In a House Appropriations Interior, Environment, and Related Agencies Subcommittee budget hearing for the U.S. Forest Service today, Ranking Member Congresswoman Chellie Pingree (D-Maine) called attention to the severe storms Maine has endured in recent months, which have impacted local economies, infrastructure, and forests. 

“Maine’s logging industry suffered more than $2.6 million in losses from the December storm alone, and has a domino effect on the Maine economy, with larger losses estimated at over $5.5 million. Many of these companies will be unable to file insurance claims because the losses aren’t covered,” Pingree noted in the hearing.

Pingree asked U.S. Forest Service Chief Randy Moore how the Forest Service takes impacts of extreme weather events into consideration when managing partners’ forests and related industries.

A complete transcript of the exchange is copied below. Click here to watch the full hearing.


Pingree: So, the state private and tribal forestry account provides vital financial and technical assistance to nonfederal landowners and resource managers in my home state. The Maine Forest Service has a long history of using these resources to provide services to small woodland owners, loggers, and foresters.

But the state and private funding only goes so far. In the last few months, Maine has experienced four major storms that caused widespread water quality issues, washed out roads and bridges, and caused negative impacts to the health of the forests. Maine's logging industry suffered more than $2.6 million in losses for just one of those storms - the December storm alone - and has a domino effect on the Maine economy, with larger losses estimated at over $5.5 million.

Many of the companies will be unable to file insurance claims because the losses aren't covered. I've seen some of the devastating pictures of road washouts. And, you know, you know, it's a short season when you can move trees and it's not you know, it's not mud, it's not snowed in. So, it's been a huge problem for them.

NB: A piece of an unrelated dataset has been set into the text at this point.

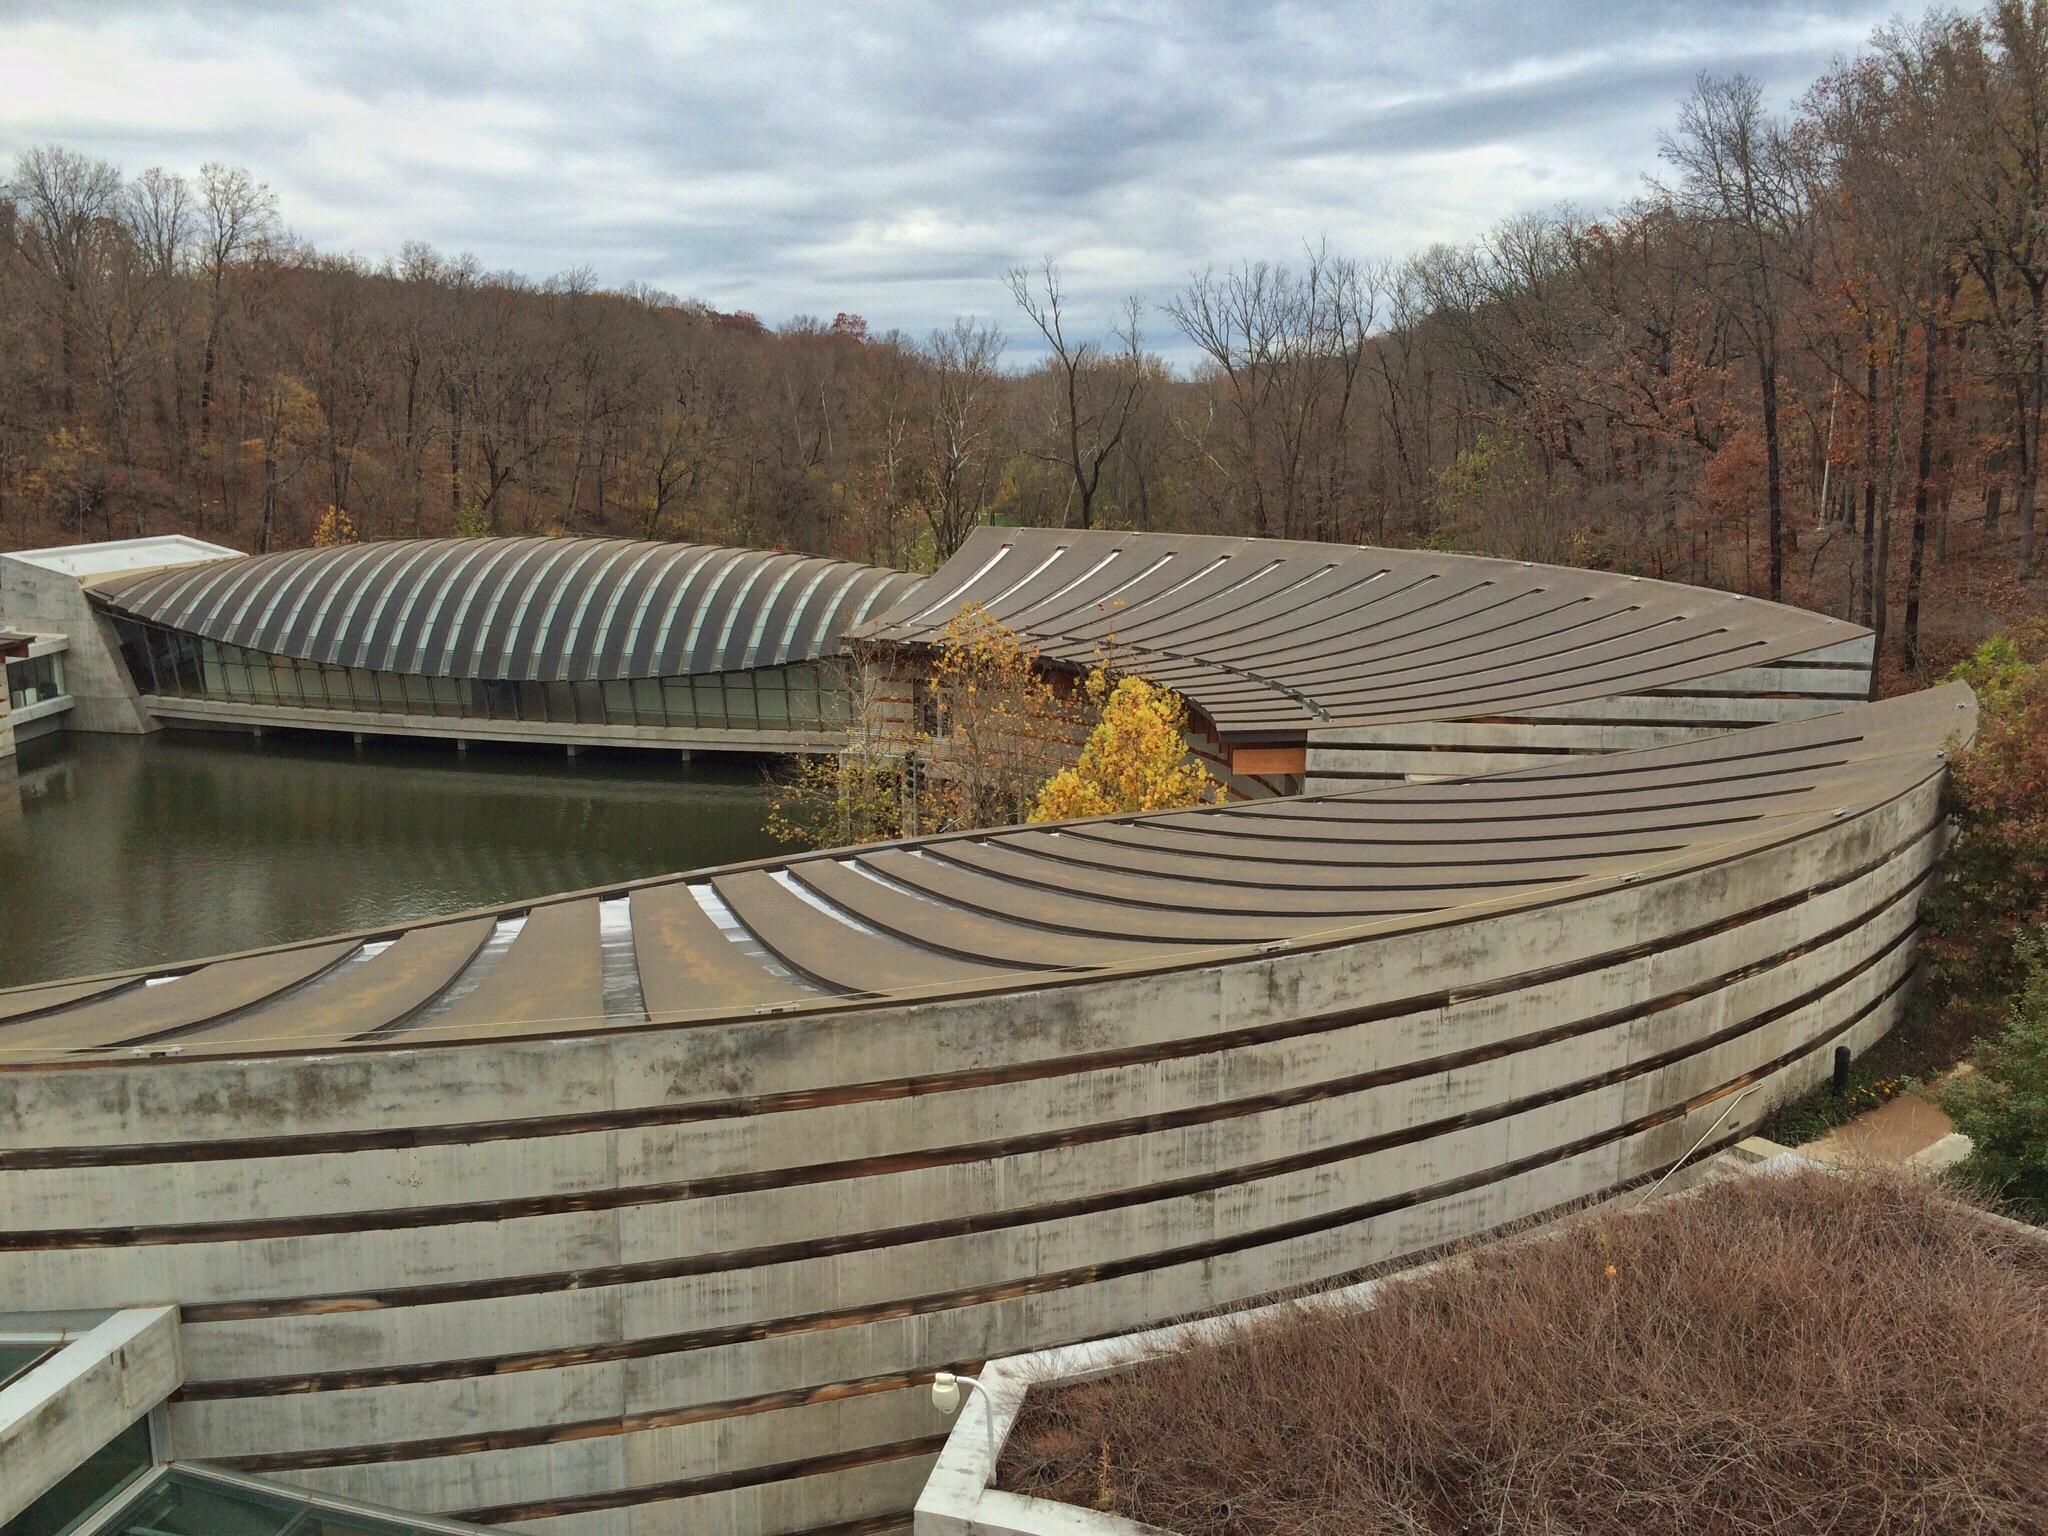 The Moshe Safdie designed Crystal Bridges Museum of American Art.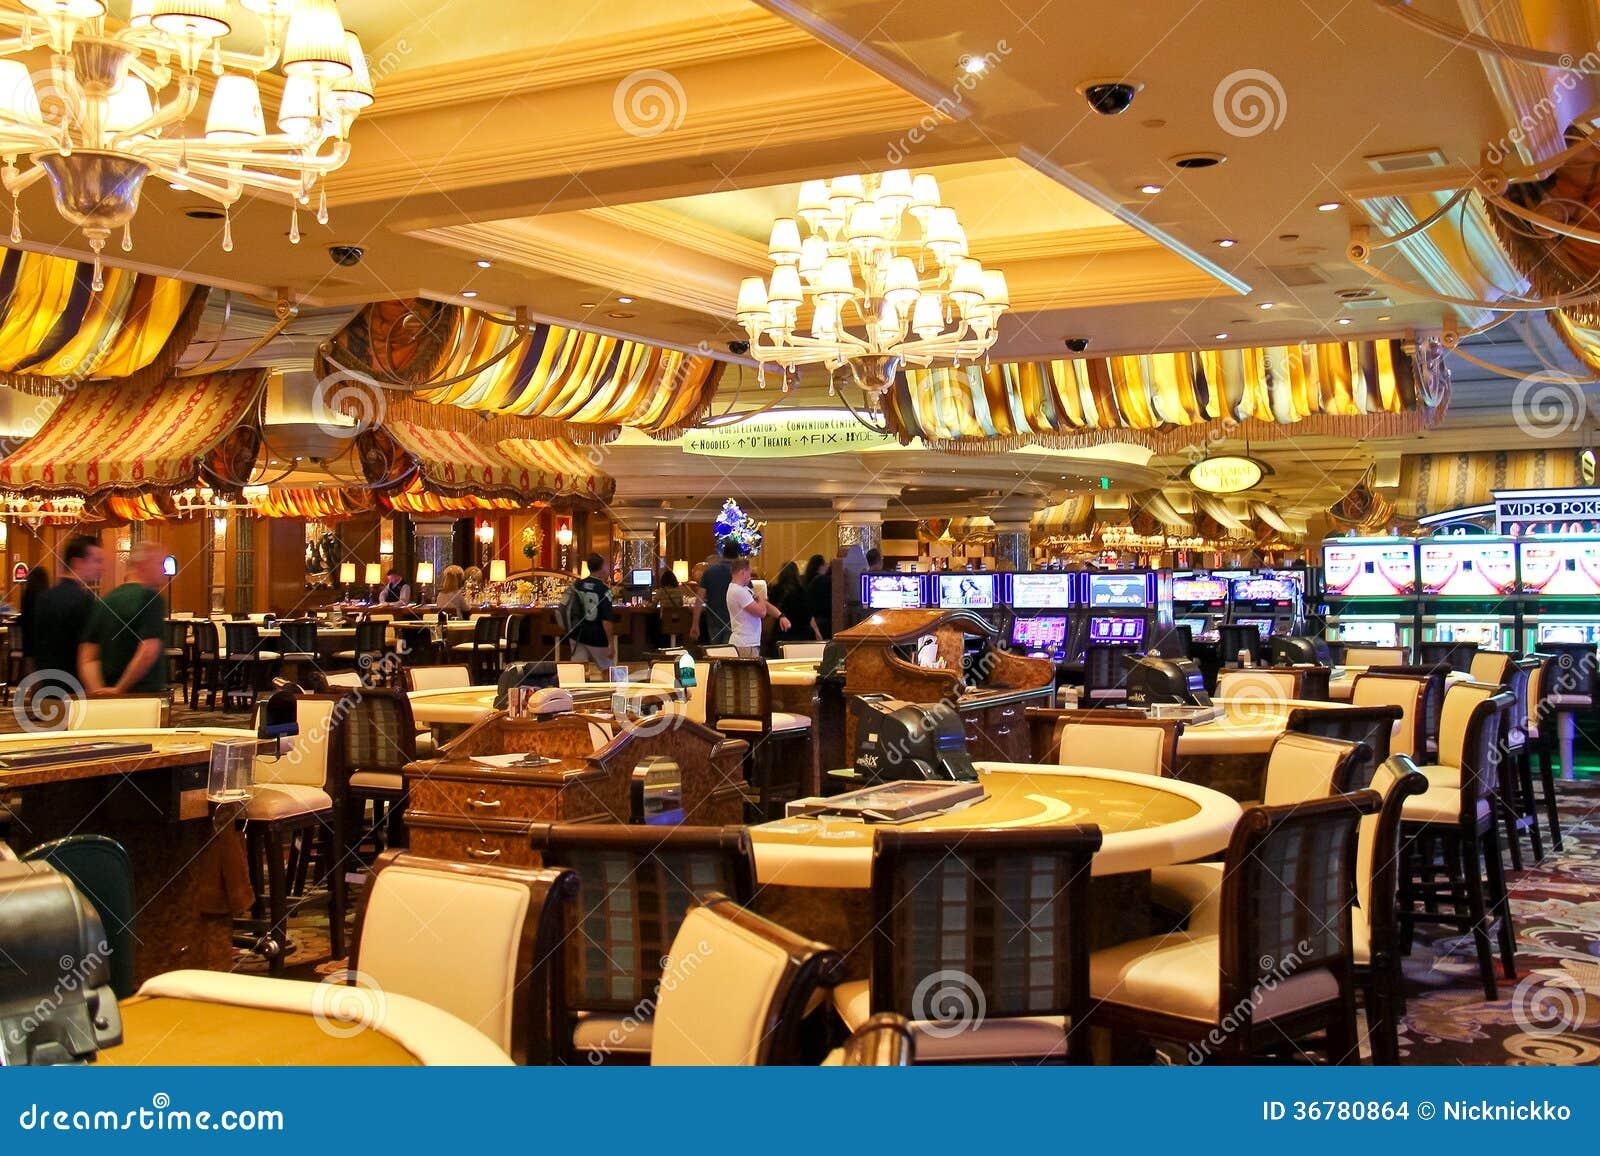 Χαρτοπαικτική λέσχη στο ξενοδοχείο του Μπελάτζιο στο Λας Βέγκας

So how is the Forest Service taking into consideration the impact of this extreme weather we're experiencing on the management of partners, forests and related industry and is providing more resources for this simply a matter of increasing the funding to state private and tribal forestry accounts or are there some other funding possibilities that a partner like the Maine Forest Service could explore? 

 We're just anxious to help them and we want to know what your thoughts are and any resources we should be looking at. 

Chief Moore: So, Ranking Member, First, let me say that we can and we do request funding through the congressionally required disaster unfunded needs report that's provided. And so, we have received funding there.

But to give you an idea of the requests versus the need is pretty significant. We have about $1 billion right now in backlog from request that's needed to respond to many of these disasters across country. And so, the request is one thing. Do we get enough to repair the damage? The answer is no, we don't, but it's helpful. And so, we want you to know how much we appreciate Congress response to our requests.

You just said many of these things, more of them are happening, it seems. And whether you believe that is from climate differences, climate change or whatever it may be, it's happening more often. And so the requests are asked more often. And we understand the budget situation. We we fully understand that. But I do want you to know that there's a lot of damage out there.

We did receive the 2023 funding requests for prior years, and it still wasn't enough. Like I say, we've got $1 billion backlog of what's needed versus what's been requested.